CS Plebiscito Padova
- Founded: 1984
- League: Serie A2 (men) Serie A1 (women)
- Based in: Padua, Italy
- Colors: White and red
- President: Lino Barbiero
- Head coach: Fabrizio Cattaruzzi (men) Stefano Posterivo (women)
- Championships: 1 Italian Cup (women)
- Website: https://www.news2001.it/padova/

= CS Plebiscito Padova =

Italian water polo club

CS Plebiscito Padova (Centro Sportivo del Plebiscito Padova) is an Italian professional water polo club based in Padua.

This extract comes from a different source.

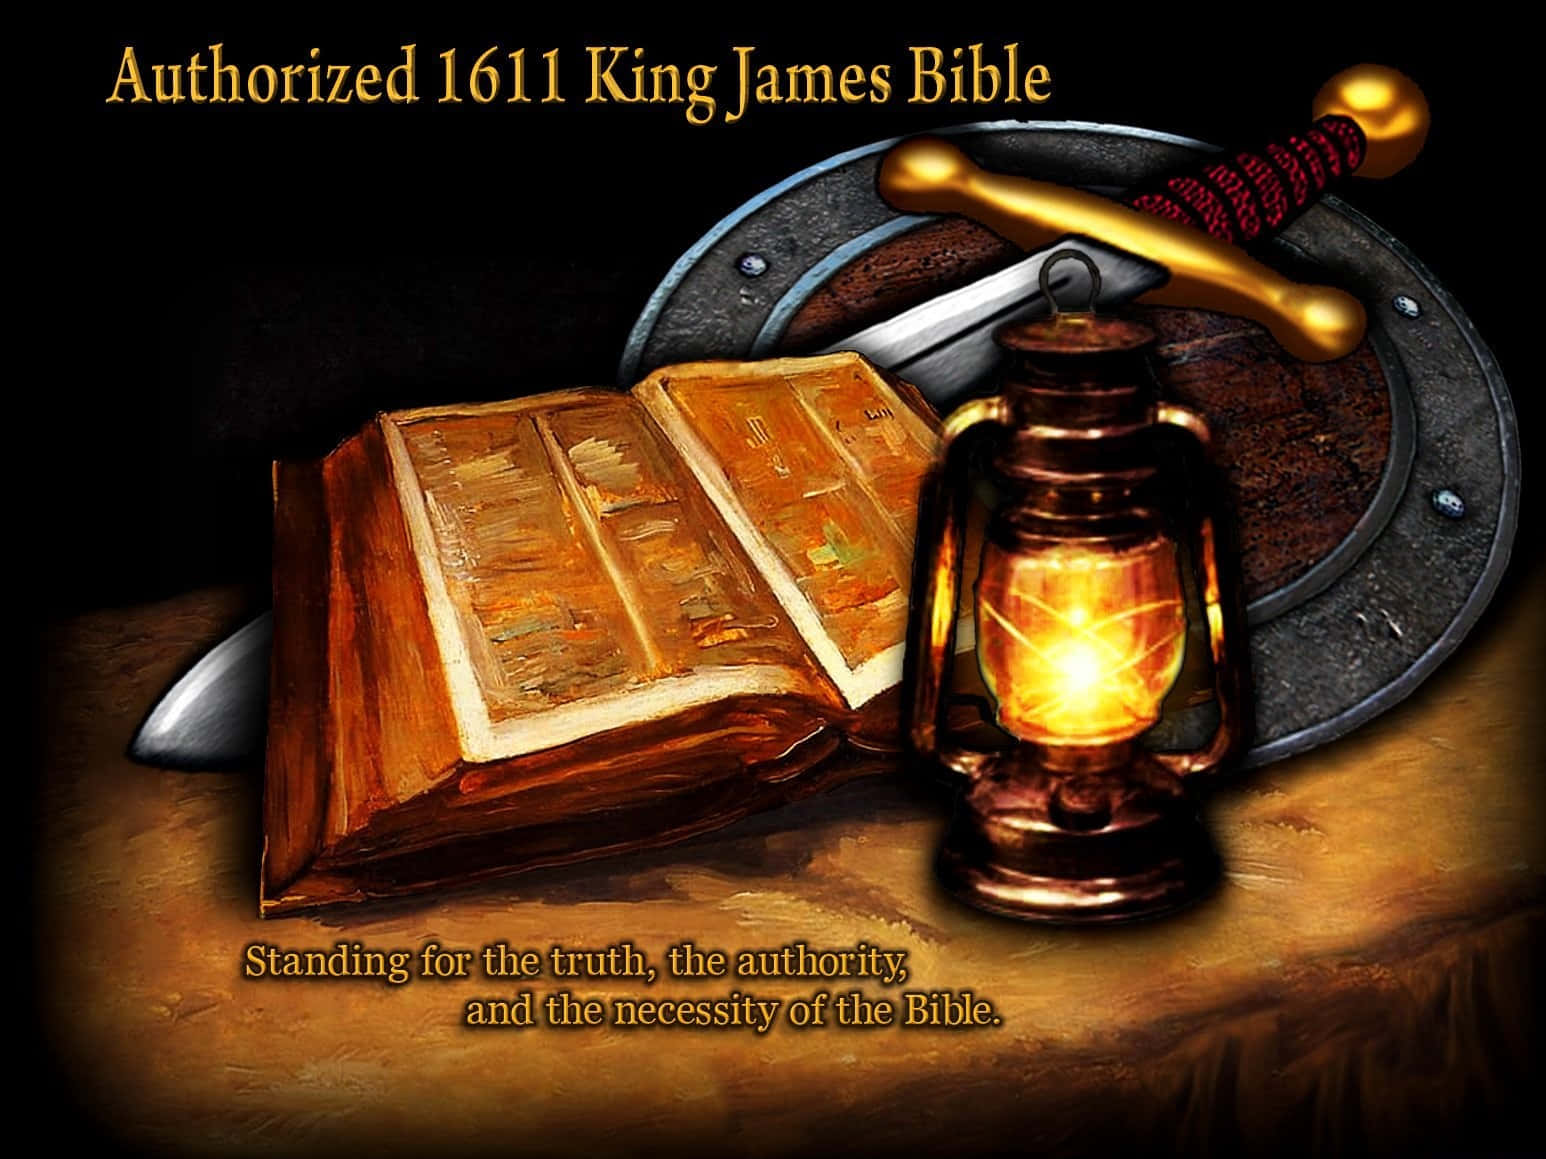 Dieking James Bibel, Die Beliebteste Bibel In Englischer Sprache. Wallpaper

Plebiscito Padova is the main water polo team in the city of Padua with men and women teams in the field.

== Men's team ==
The men's team founded in 1984 is currently playing in the Italian league water polo Series A2. As in previous seasons, is one of the few Italian clubs formed by 15/16 rose from Padua, from the youth sector.

== Women's team ==
The women's team plays in Serie A1, is one of the clubs on the national scene that boasts a first team formed by many athletes of the youth sector, which has led over the years to many Italian titles.

In the 2013-2014 season, the first team to enter the play-off series A1 finishing in fourth place in the regular season. In the semifinals the Paduan defeat the favored Horizon Catania and then lose the final against Imperia, graduating anyway vice champions Italy.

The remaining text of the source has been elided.